Upside Down

Well, not literally.  I’m not flipping the car or other antics described in the last post.

The publisher of my book about the care giving experience occasionally posts excerpts on the web.  One came up today, and it flips into that “upside down” feeling,

I guess it can’t be any other way. There is no magic cure for autism. You have to take in lots of advice and experiment with different approaches because what lifts the life of one autistic kid could be fruitless or even counterproductive with another.

upside down me

Care giving: actual footage.

The universal manual of “normal” parenting fails to help. Normal parenting is to yell if you spot an emergency in progress. But if we’d raised our voices and warned Joey, “Hey, put that down. You’ll put your eye out,” we’d be living with a Cyclops by now. You learn to use soft, reassuring tones to say, “Honey, you’re standing in front of an oncoming bus there.
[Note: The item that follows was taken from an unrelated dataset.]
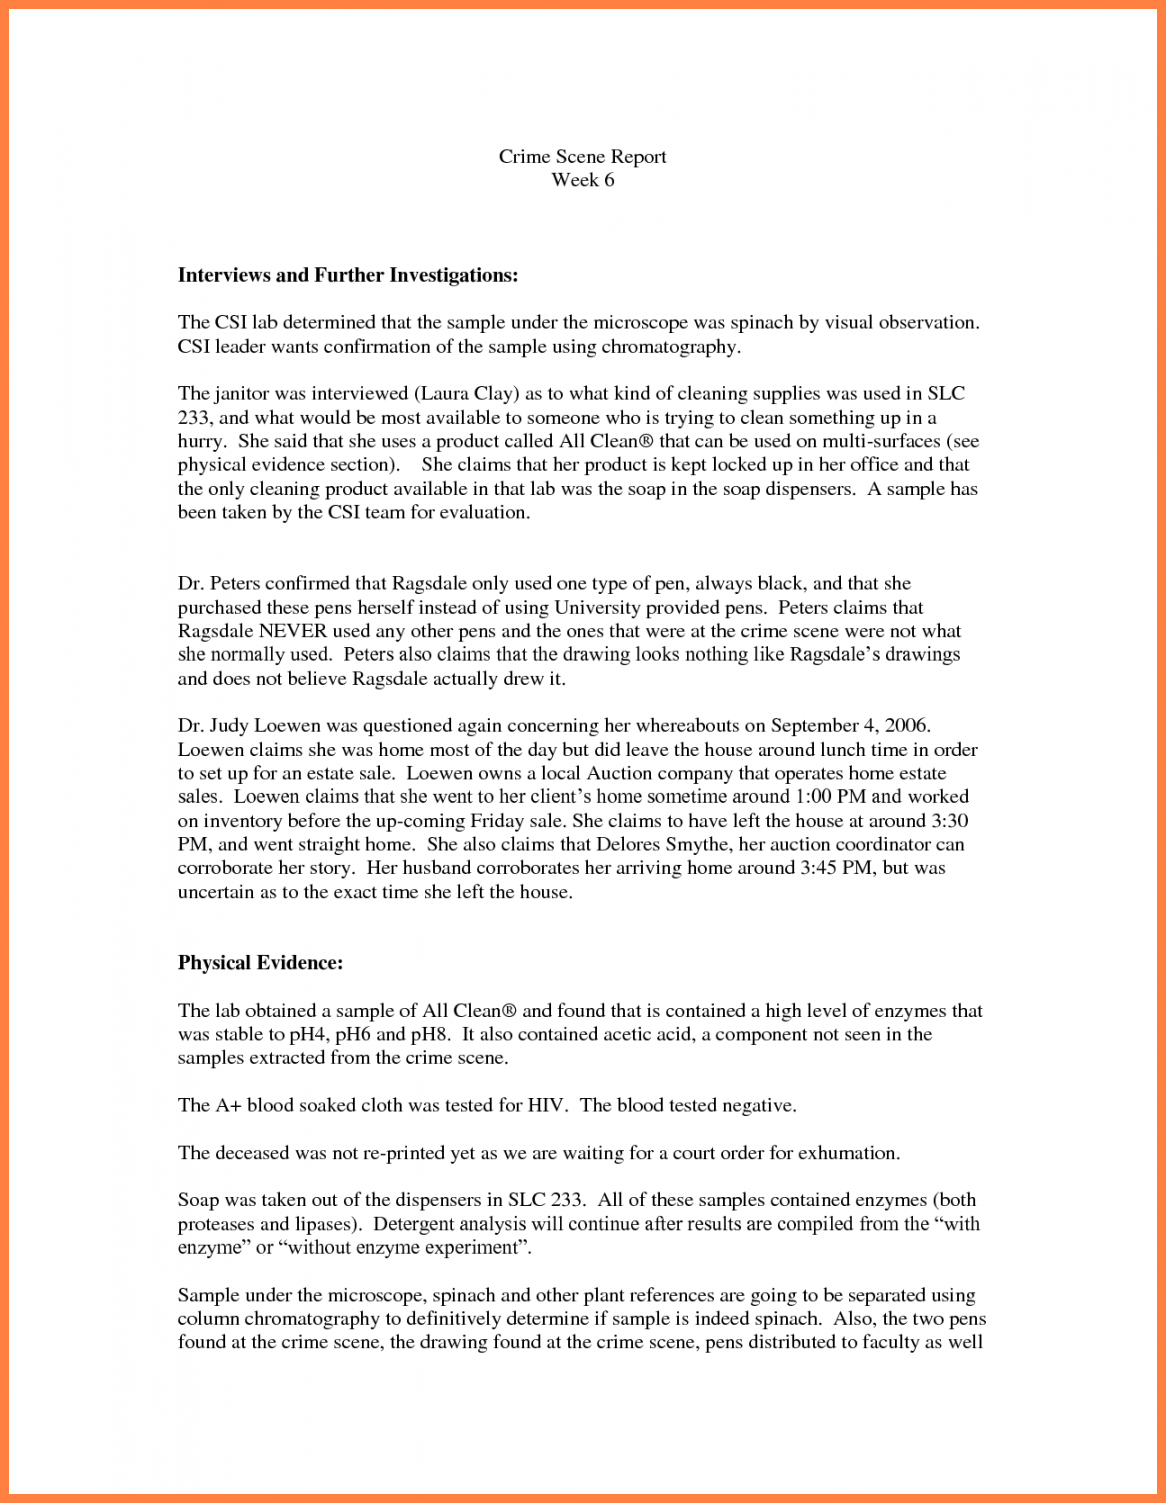 Criminal Investigation Report Template Inside Crime Scene Report Template

How about standing with Mommy instead?” You find yourself looking at the world upside down.

Care giving is a practice in which common sense and conventional wisdom take frequent beatings.  Which is why I try to share some spiritual perspectives here from time to time.  Misery loves company as it stands on its head, and it also cries out for help that can bring things into perspective.

One of those days…

…on which I woke up at a mellow pace, had a fruitful time in prayer, went to the gym, and am now brewing some coffee with little on the agenda until a friend’s graduation party this afternoon.

In other words, the kind of dawning weekend most folks desire, but which is too often eclipsed.  This is especially true over the years of care giving.  Weekends?  Holidays?  Vacations?  HAHAHAHAHAHAHAHAHA

20180515_123848I read a novel for a library book club (yes, I can go to things like that if so inclined these days).  The title evokes some of my perception.  Care giving calls on us to bury a good chunk of life, especially our many preferences if we are true to the task.

Aspects of who I am are being excavated these days.  It’s uncomfortable rediscovering them.  Was I lazy or a failure to have let them get buried?  Shouldn’t I have kept life in better balance?

Or are such burials loving sacrifices?

These and questions like them exercise my heart today.  I am thankful that I have the time and space to ponder them.

 

Silver Roses

An excerpt from our book showed up on our Publisher’s page today.  Hope it helps you get off of your own back.

One year, my wife and I planted roses all around our backyard. If we knew what we were doing, we would tell you that the flowers were called Lady Wilhelmina Sunburst Spectaculars or some such name. The reality is we went to the nursery and said things like, “Oh, let’s get some of those silver ones.”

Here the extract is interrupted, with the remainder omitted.